In Vietnam, a crusty loaf of bread is often soaked in spiced crab fat then cubed and baked for a brackish bread pudding experience. Crab roe is traditionally a key ingredient in she-crab soup, and is also a popular addition to the Hong Kong breakfast porridge, congee. The roe from green crabs is called masinette in Venice and can be eaten straight from the shell, formed into a pate, or even sauteed with fresh local herbs.

Many Chinese diners revere dense and creamy crab fat as “ocean gold” both for its difficulty to harvest and, of course, price. In Suzhou, an eastern Chinese city, “crab roe cream” is an ancient combination of crab roe and cream braised in Shaoxing rice wine and seasoning that’s then mixed with lard and pepper. Initially created to preserve the crab roe before the days of refrigeration, the dish has grown increasingly popular in recent years. Crab roe tofu — soft bean curd cooked in a broth of (you guessed it!) crab roe — is a summertime delicacy in the Zhejiang and Jiangsu provinces and has become such a cultural touchstone that it’s a dish players can purchase (or cook!) in the role-playing adventure video game, “Genshin Impact.” And if real-deal crab fat and roe are elusive in China, snackers can always pick up crab roe-flavored sunflower seeds — a poppable staple — at convenience stores across the country.

Perhaps most famously, the late Anthony Bourdain devoured his fair share of crab fat at the legendarily cramped, 18-seat Swan Oyster Depot in San Francisco, where he ordered an off-menu item known as the “crab back” — crab roe, liver and other innards served in the back shell of the crab — with plenty of fresh sourdough for dunking into the salty, custardy brine. “Unicorn juice,” Bourdain called it, “the brains, the fat, the magic.”

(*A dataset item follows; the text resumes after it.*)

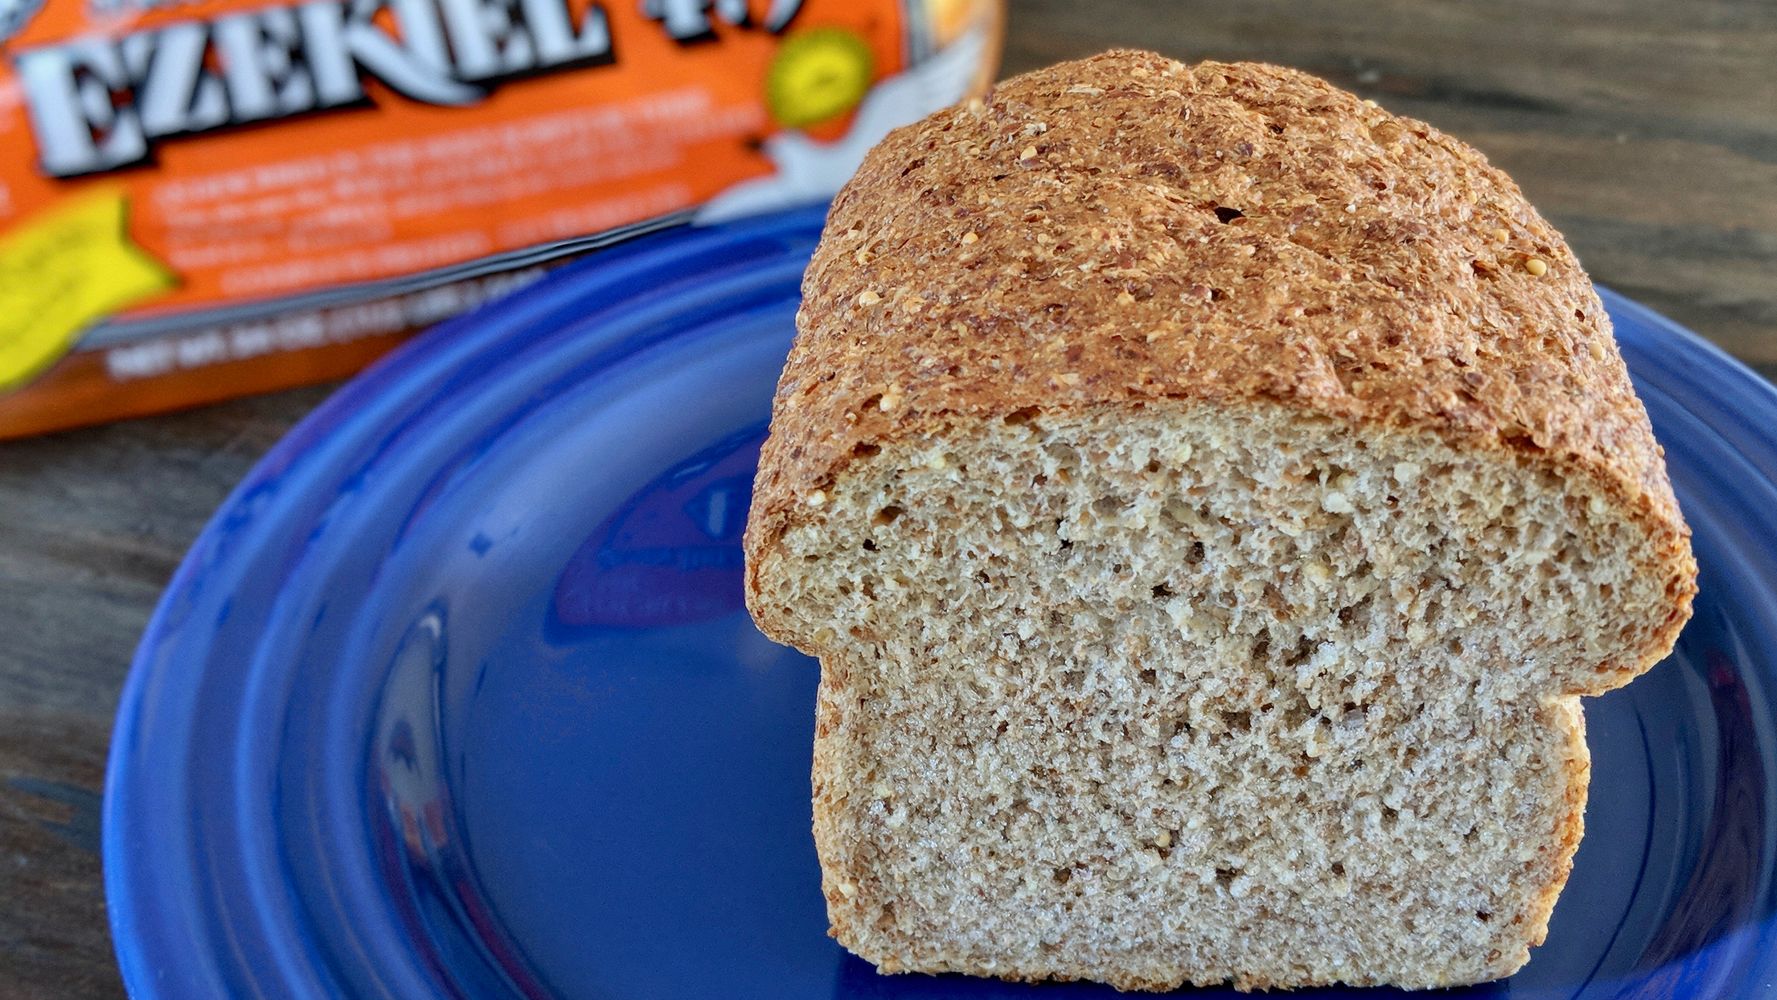 Bánh mì Ezekiel chứa một số loại ngũ cốc và các loại đậu khác nhau như lúa mì, kê, lúa mạch, lúa mạch đen, đậu nành, đậu lăng... nên rất tốt cho sức khỏe.

Toups likes to get an early start on incorporating his crab roe-spiked compound butter into meals, adding it to scrambled eggs in the morning or spreading it on biscuits. (Pro tip: Freeze your crab roe butter in an ice cube tray for easy-to-thaw, perfectly sized biscuit smearing portions.)

So sure, crab fat and roe might not have reached caviar levels of popularity here in the United States yet, but I’ll keep serving them up like the precious rarities they are, gaining a legion of converts one tiny spoonful at a time.